Although he denounces last week's attack, the 50-year-old has lost none of the bitterness felt by many Cabindans towards Angola's central government, accused of failing to deliver in a province that produces half the country's oil.

"This was an act of terrorism. But maybe we need to look at the reasons why there are terrorists, also," he said.

The ambush killed two of Togo's soccer delegation to the African Nations Cup and deeply embarrassed Angola, hoping that by hosting Africa's top soccer tournament it would show its transformation from civil war thanks to surging oil production.

The rebels, thought to number only a few hundred, had rarely -- if ever -- achieved such global prominence in three decades of low level insurgency. While they can now expect a heavy response, the attack has drawn attention to Cabinda.

Since giving up the fight, Puna lives in a prefab village built by the government for former fighters from the far bigger UNITA rebel group and ex soldiers as well as from FLEC (Front for the Liberation of the Enclave of Cabinda).

"The atmosphere is good," he said through a translator. "But the living conditions are far from perfect," he added, banging the wall of his house with a fist to show how flimsy it was.

With him is Modesto, 69, who spent 34 years hiding out in Cabinda's dense tropical forest with FLEC before agreeing to give up arms after a 2006 ceasefire and join the army, in which he is now a colonel.

Modesto, who would not give his full name, was just as angry.

"We don't have running water, sometimes there are power cuts that last three or four days," he said. "If we don't pay, we don't have any gasoline. Although there is a lot, and I mean a lot of oil here in Cabinda."

CUT OFF

Cabindans, cut off from most of Angola by a thin strip of the Democratic Republic of Congo and the mighty Congo river, have deep and complex grievances against central government.

But the biggest is oil.

"Sometimes, I can understand FLEC even if I do not support terrorism," said a 45-year-old man, who lives in Cabinda and spoke on condition of anonymity because of fears of retaliation.

If shared equally among 18 million Angolans -- which is very far from the case -- 2009 oil revenues of $15.7 billion would amount to about $870 per person.

If Cabinda's slice of Angola's 1.85 million barrel per day output were shared among its 300,000 people the sum would be well over $26,000.

The money from Cabinda's oil not only helped the Luanda government defeat UNITA rebels in 2002, but has since financed a construction boom. Oil production has soared and Angola rivals Nigeria as Africa's top oil producer.

ACCUSATIONS

Cabindans argue that not only do they not get the revenue they deserve for a territory that is roughly the size of Puerto Rico, but that they are victims of neglect and repression.

Last June, U.S.-based Human Rights Watch accused Angola of unlawful detention and torture in Cabinda.

"Angola's security concerns do not justify torturing people or denying them their most basic rights," said Georgette Gagnon, Africa director at Human Rights Watch.
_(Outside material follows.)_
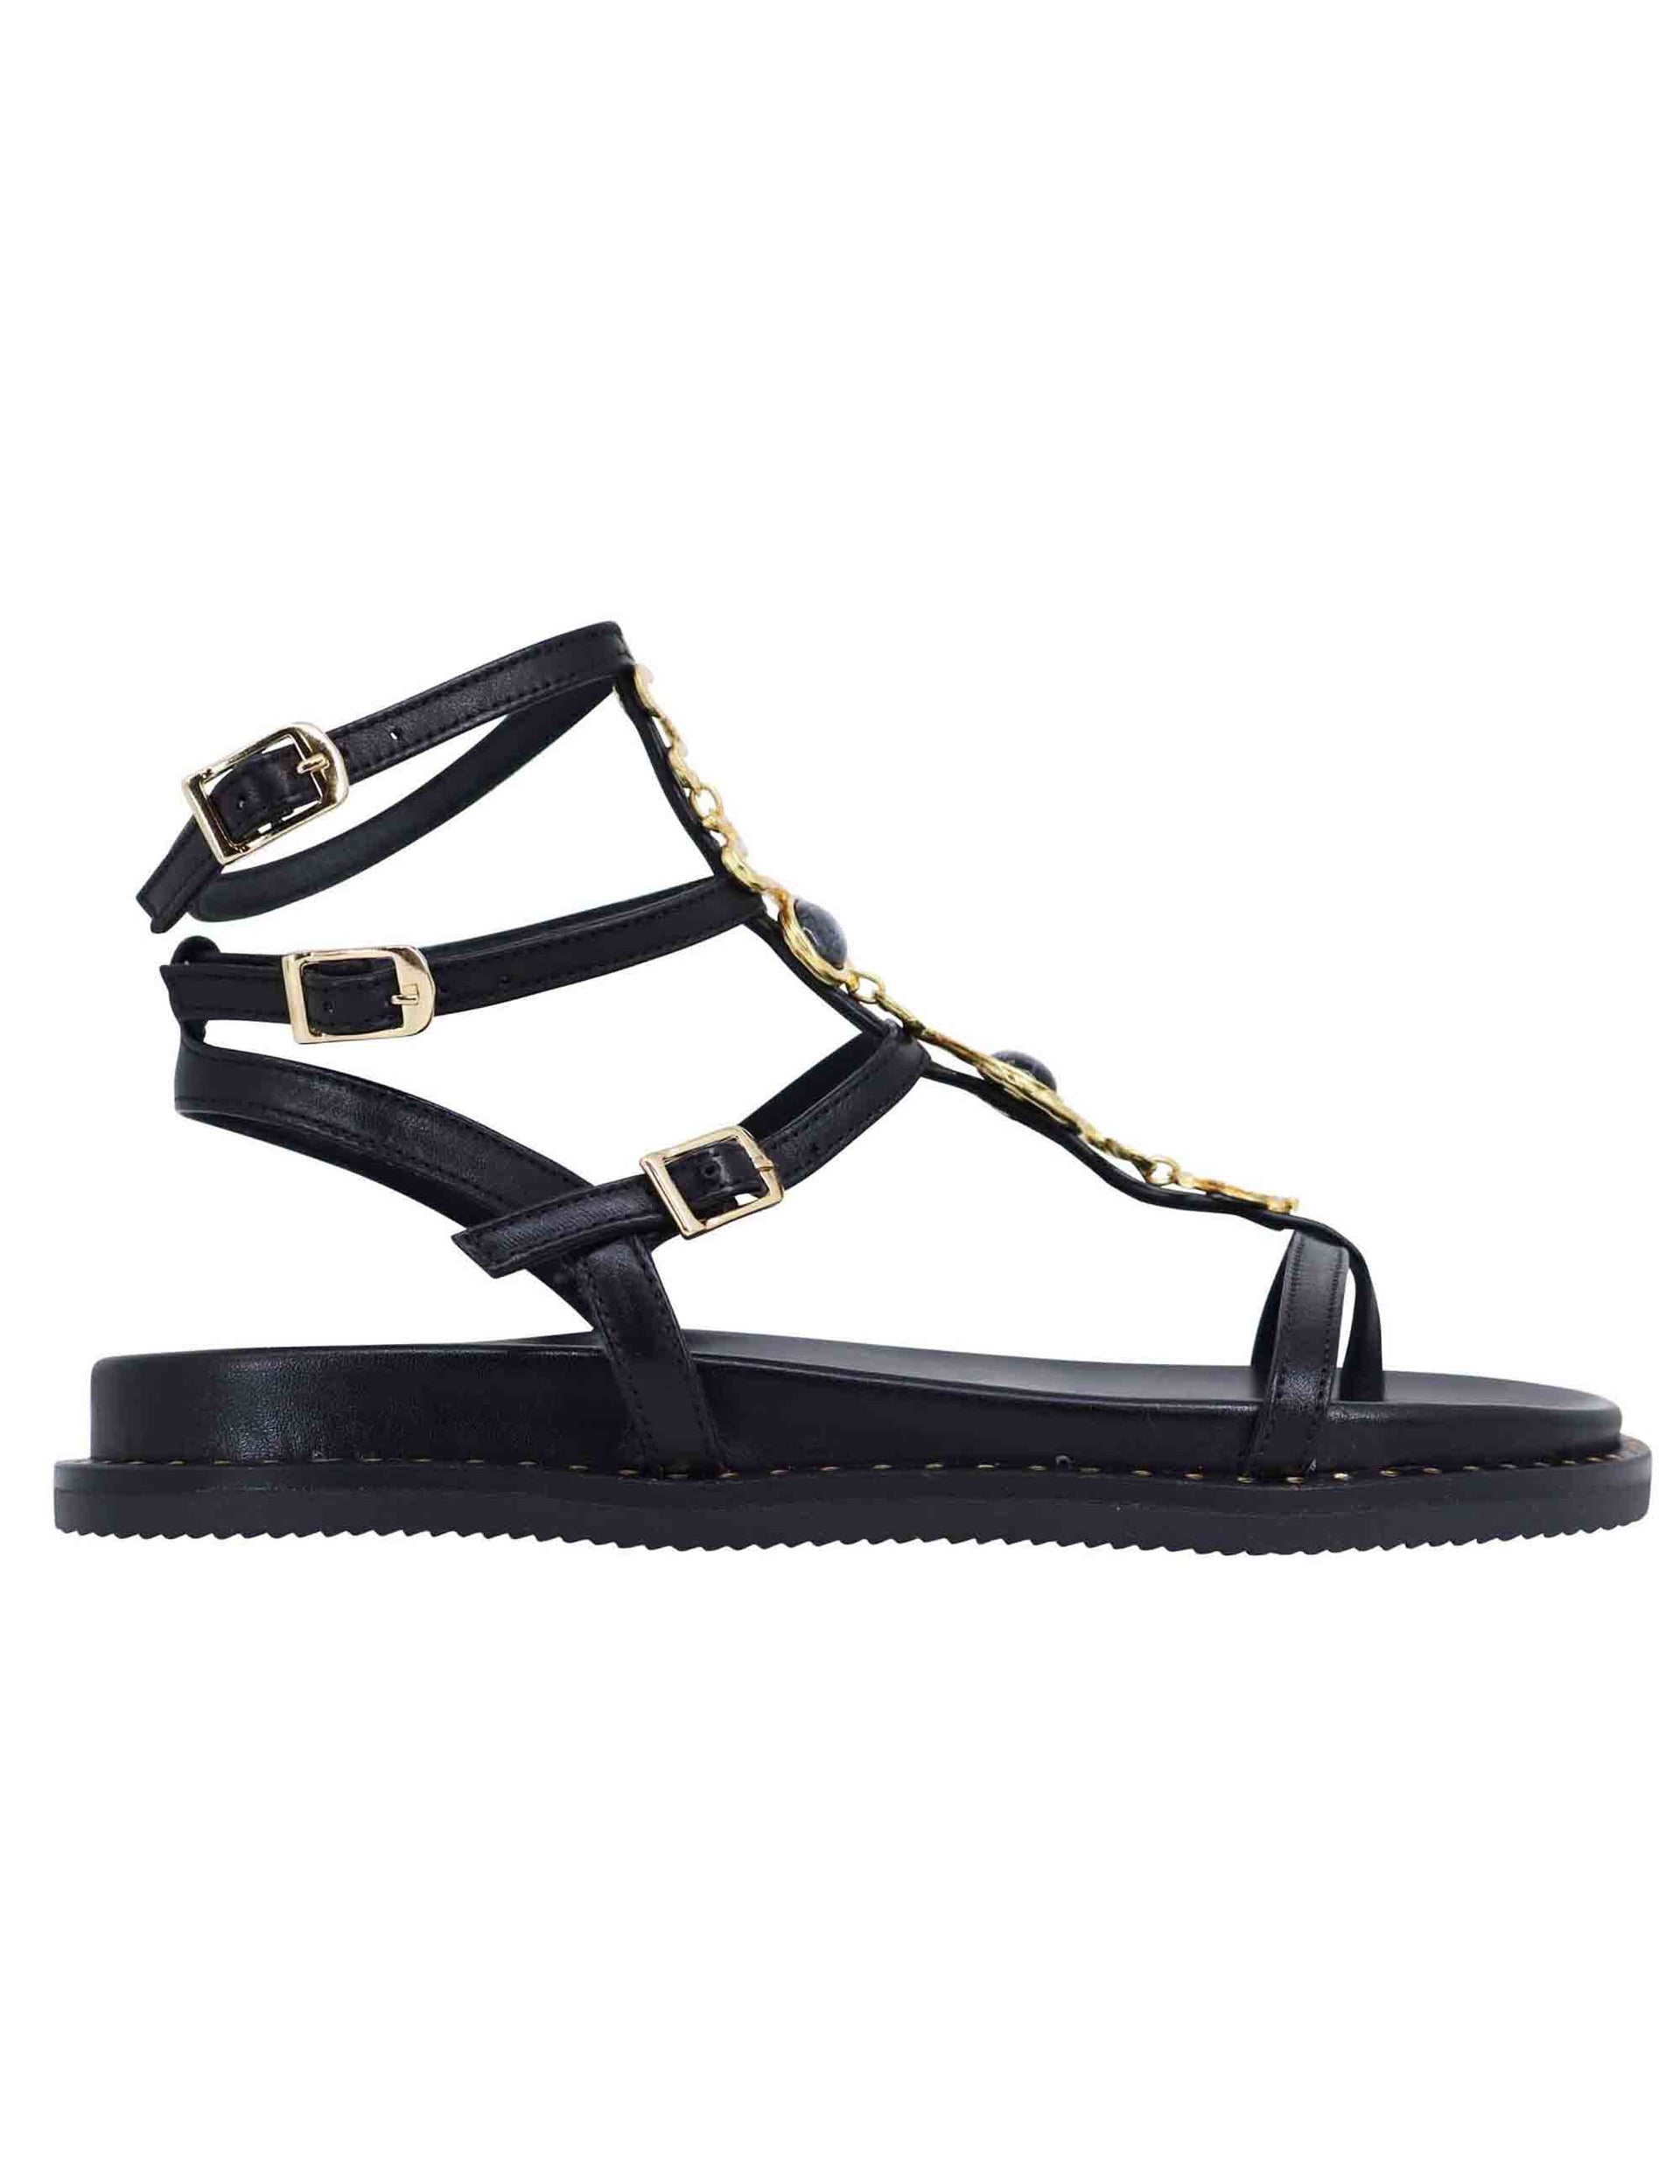 Women's flat flip-flop sandals in black leather with studs and ankle straps

Angola rejects accusations of rights abuses.

The attack on the Togolese team can be expected to prompt even harsher measures to finally root out FLEC, which said it had targeted security forces rather than footballers. Angola has pledged to crush the insurgents and pursue them abroad.

FLEC's struggle dates back to before independence from Portugal. Despite the element of fighting for resource control, it is a very different conflict from that of militants in Nigeria's oil-producing Niger delta.

The fact Cabinda's oil is produced offshore also means FLEC has little chance of disrupting output, unlike the Nigerian groups.

In 2006, FLEC rebels under leader Antonio Bento Bembe signed a peace deal to integrate former rebels into the army and to give Cabinda more oil money, but the agreement was rejected by FLEC's Paris-based president, N'Zita Tiago.

Bembe, now appointed as Angola's minister in charge of Cabinda, acknowledged that many Cabindans are still frustrated at being unable to fulfil their dreams, but argues that peaceful change is possible.

"A lot of things have been changing without a need to pick up a knife or a gun," he told Reuters.